If a custodian controls a large number of wallets on behalf of its clients, it may also be a big target for attackers. It might be a quick and easy way to store your coins, but it might not be the safest.

Software wallets

Software wallets are one the most accessible forms of cryptocurrency storage available. As the name suggests, it’s simply a piece of software that runs on hardware you already own, like your laptop or smartphone. The software encrypts and protects your private keys. Like custodial wallets, software wallets are usually hot too.

Software wallets have few barriers to entry as they don’t cost anything to download, and all you have to do is set them up, generate an address, and start sending or receiving cryptocurrency. Most smartphone wallet apps have on screen guides that take you through the initial set up too, which can be very useful.

However, software wallets, particularly those on smartphones, aren’t always secure. The level of security in a smartphone-based software wallet varies depending on how the app makes use of the phone’s hardware to secure coins. You should also be aware that there are a lot of fake wallet apps that make off with your coins as soon as you put them into the app.

What’s more, as smartphones are usually always online, they are vulnerable to many more attack vectors, like phishing, than offline hardware-based storage.

Hardware wallets

Hardware wallets are one of the more secure ways of storing your cryptocurrency at the moment, as they store your cryptocurrency offline. A hardware wallet is an actual physical device responsible for protecting your cryptocurrency and private key. Most of them look like a USB flash drive, usually with a small screen, and some buttons on them.

You only ever need to connect a hardware wallet to the internet when you need to make a transaction, so if a hacker is going to try and target you over the web, they have a very small window of opportunity. However, the fact you need to keep them offline makes them a little more cumbersome than a software wallet which has all your funds – ready to go – at all times.

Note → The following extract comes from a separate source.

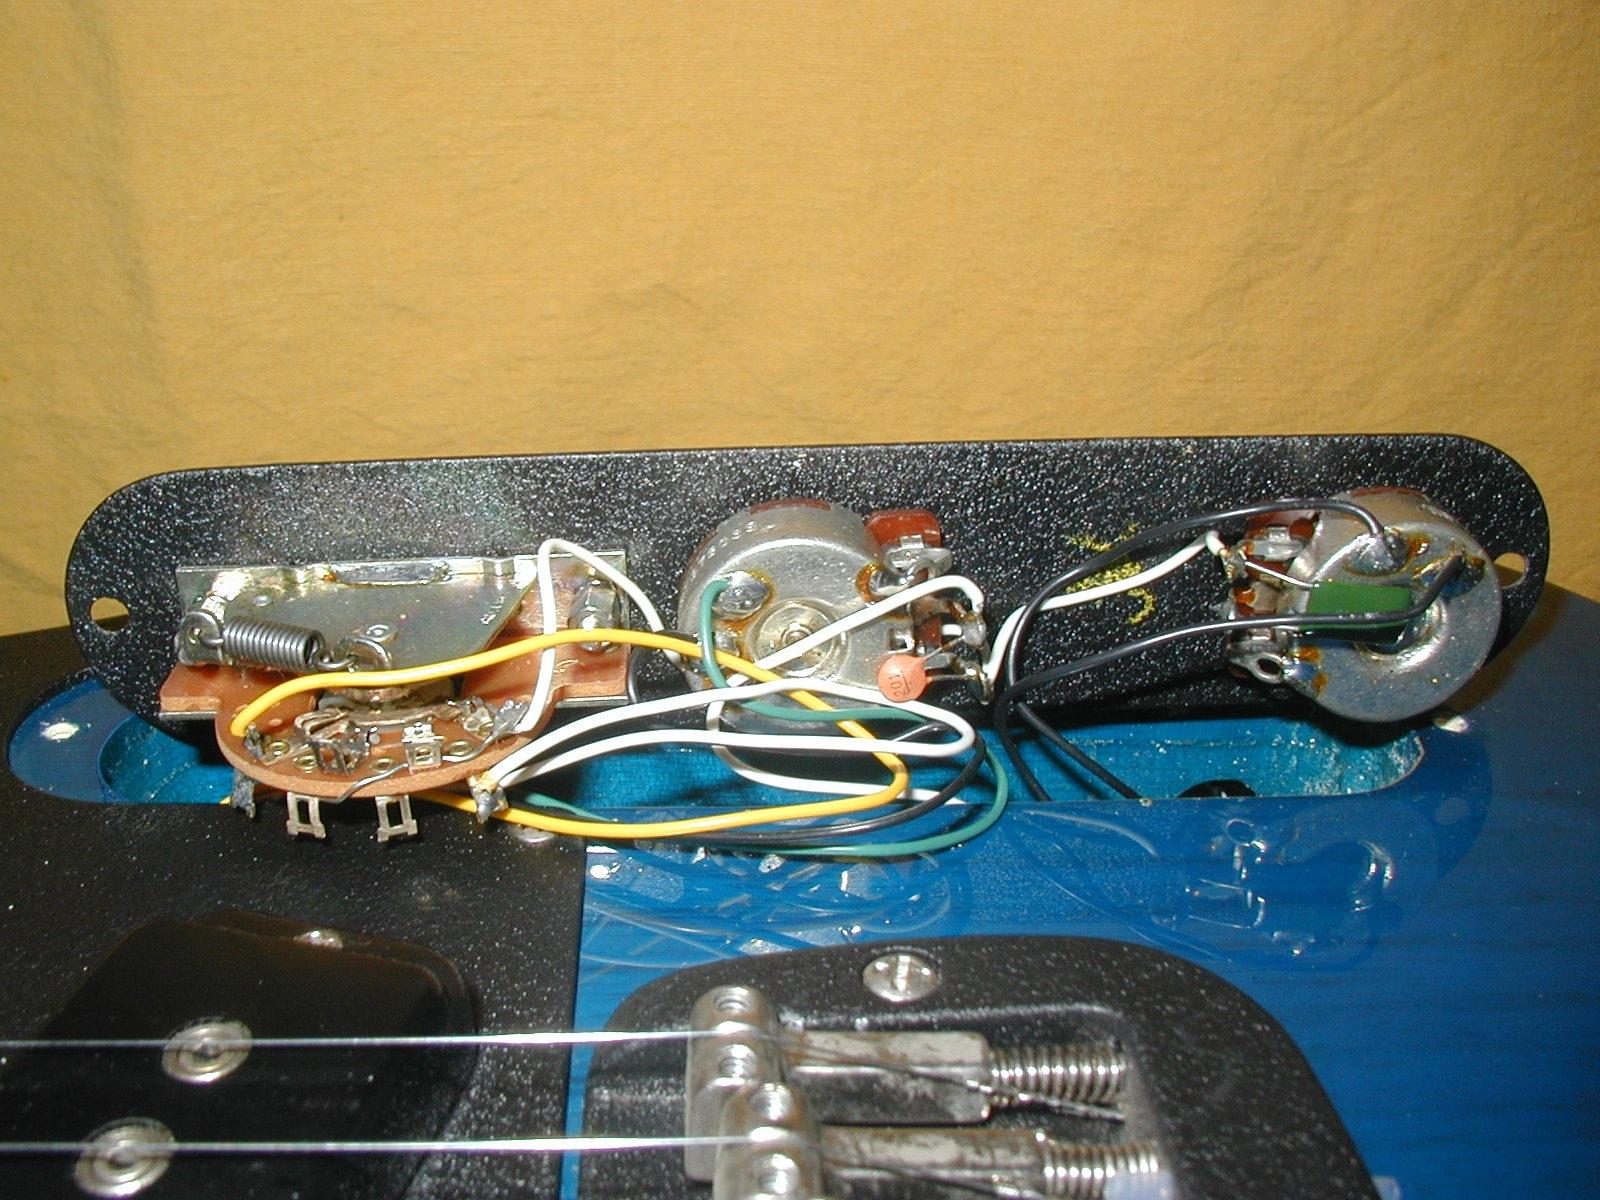 hight resolution of gl asat classic wiring diagram k4021 photocell wiring diagram dodge neon factory radio wiring g l legacy hss wiring diagram g l asat bluesboy wiring diagram

If you’re constantly moving coins around, hardware wallets might become a headache, from a practical point-of-view.

As hardware wallets are cold storage they are quite safe from hackers, but they’re not immune. They can be infected with malware, which tricks a user into sending coins to scammers. Also, because you are buying a physical device, you have to be sure you’re buying a legitimate version; not one that’s been tampered with and might siphon your coins to someone else’s address as soon as you load your coins.

If you’re really keen about long term cryptocurrency storage, you could put all your coins on a hardware wallet and lock it away in a safe-deposit bank, almost as if it were gold bullion! But even sometimes, that isn’t totally safe.

Which should I choose?

There is no such thing as a perfect way to store cryptocurrency. If you want a fast way of moving coins around, you’ll likely have to sacrifice security, and vice-versa.

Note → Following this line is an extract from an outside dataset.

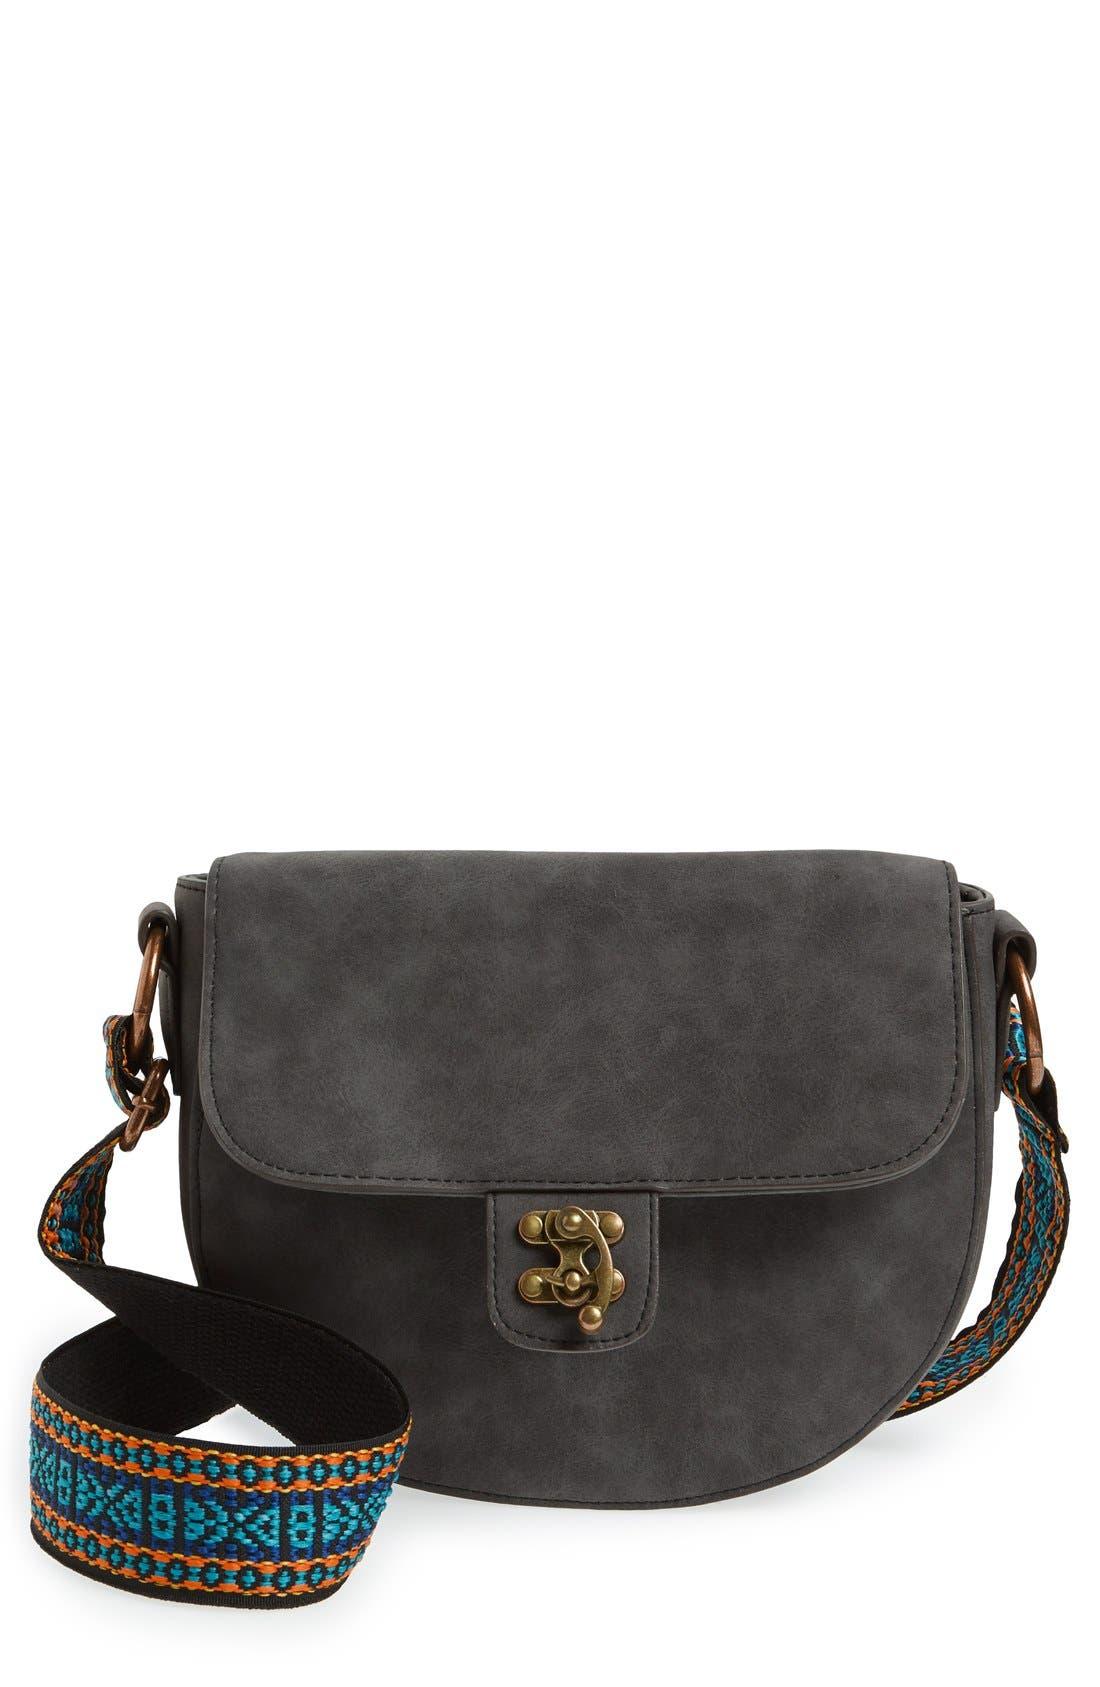 Main Image - Elle & Jae Gypset 'Marrakesh' Faux Suede Crossbody Bag

Generally speaking, it makes sense to choose a wallet type based on how you use cryptocurrency and how much of it you plan on storing in said wallet.

If you have a lot of coins, you’d be stupid not to try and pick the most secure form of storage. If you have small amounts, that you regularly trade and can realistically afford to lose – custodial or software wallets should work just fine, but make sure you get a trustworthy one.